No application for extension of time
- [40]I note that there was no application for an extension of time by Mr McVicker.
Why does the limitation period matter?
- [41]So why does the limitation period matter here? There are really two purposes for which the limitation issue was raised by the ABC. In the context of the proportionality issue, it is raised as context within which that application is made and for the summary judgment application, it is really focused on any publication from 1 July 2021.
- [42]As to the second purpose, I note the caution stated in Wardley Australia Limited v Western Australia (1992) 175 CLR 514 at 533, with respect to the undesirability of limitation questions being decided in interlocutory proceedings in advance of the hearing of the action except in the clearest of cases. It is also worth noting – and it is important to note – that this is not a case where the proceedings were on foot when the Amending Act came into effect, so there is no complication here about whether or not the Act operates retrospectively in respect of existing proceedings.
- [43]The proceedings were commenced after the amendments were introduced. I consider that the language of the Limitation of Actions Act to be clear and that this is one of those cases where, to the extent I discuss shortly, summary judgment based on the limitation point is appropriate.
Proportionality
Contentions
- [44]In essence, the ABC asserts that the proceeding should be stayed (or dismissed) because:
- (a)The only actionable period in this matter is 28, 29 and 30 June 2021.
- (b)There were only two publications in that period.
- (c)The first download was for less than 10 seconds for a IP address for a user in Brisbane.
- (d)The limited duration of the first download is such that it can be assumed (it is asserted) that the Article was not read.
- (e)The second download was for almost two minutes for an IP address for a user in Sydney.
- (f)Both downloads were to unknown person(s) – other than the second being to someone connected to the airline.
- (g)The Second download was to a person in a different jurisdiction to where Mr McVicker resides and where (it is asserted) it can be assumed to be where he has a reputation.
- (h)In the circumstances, there was a very limited publication.
- (i)Any damages Mr McVicker may recover will be nominal.
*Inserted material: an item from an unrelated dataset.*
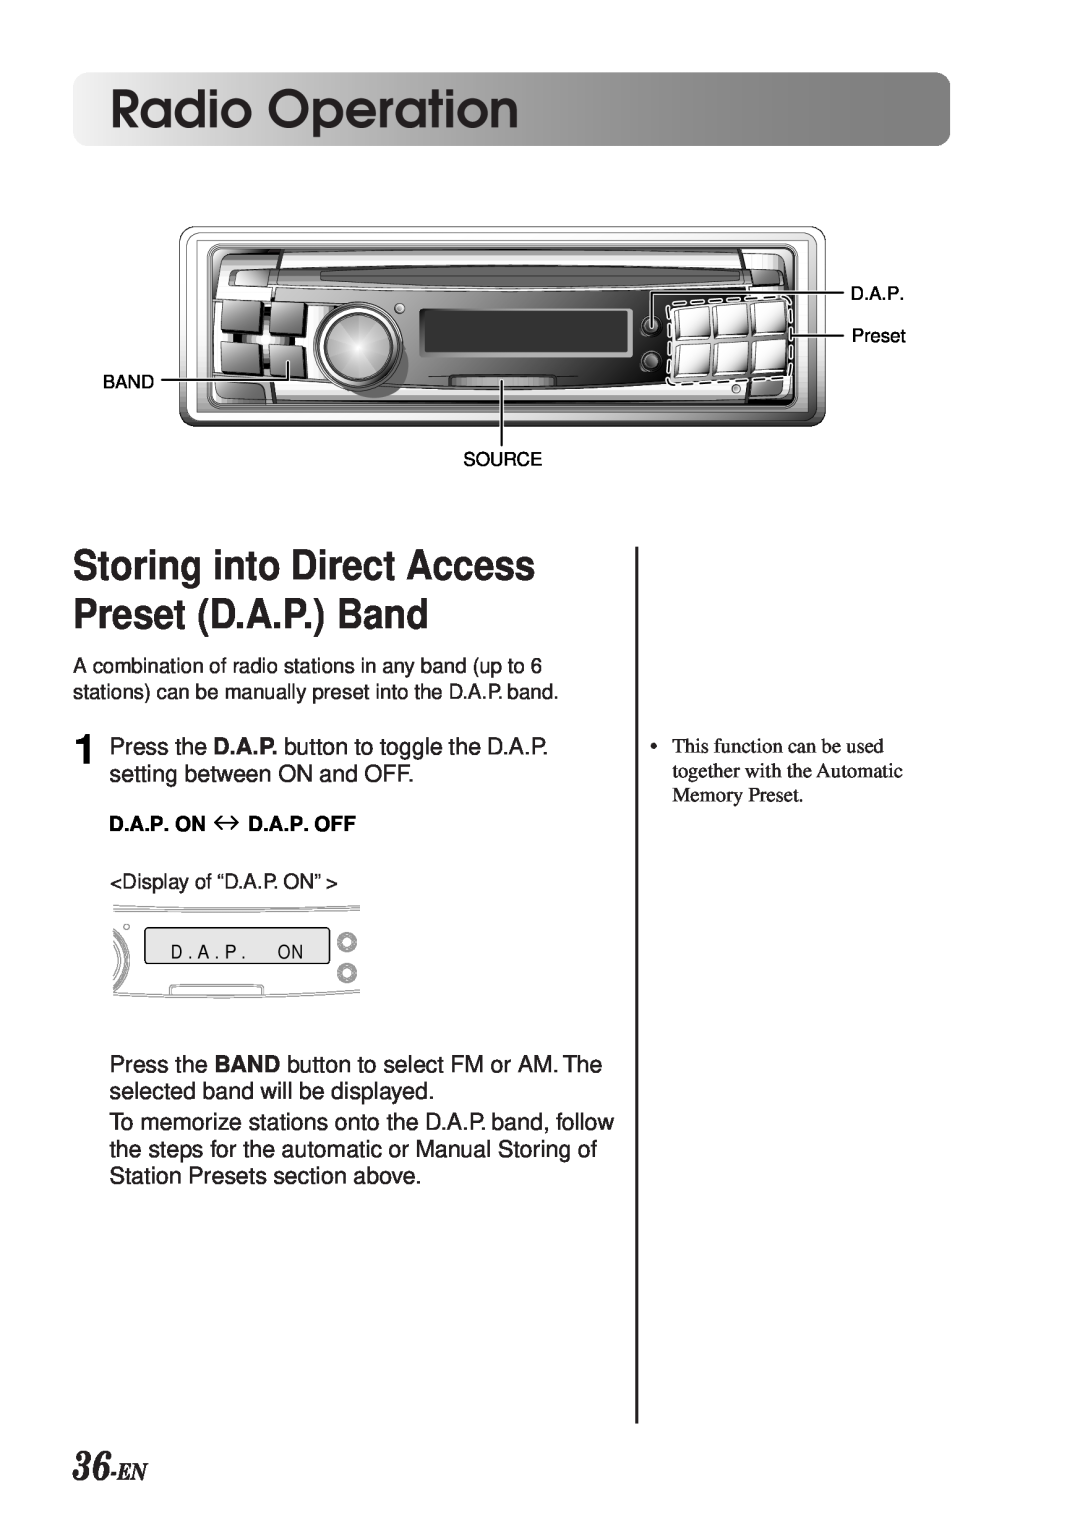 Alpine CDA-7990 manual 36-EN, Storing into Direct Access Preset D.A.P. Band, Radio Operation

- (j)The costs of the proceeding will be out of proportion to the nominal award for damages Mr McVicker may be awarded.
- (k)The proceedings are not proportionate.
- [45]Mr McVicker contends (in effect) that:
- (a)the proportionality principle has no application because the evidence is that as a matter of fact there were multiple downloads from 29 June 2021 and continuing thereafter. For the reasons I have identified earlier in these reasons in relation to the relevant limitation period, I reject Mr McVicker’s contention that he is entitled to rely on any downloads that occurred outside of the period 28, 29 and 30 June 2021.
- (b)It is too early to know what the likely damages are going to be.
- [46]In light of my prior findings with respect to the construction of the Limitation of Actions Act, I agree with the ABC that the actionable period is only 28, 29 and 30 June 2021 and that Mr McVicker is not entitled to rely on downloads outside those three-day periods.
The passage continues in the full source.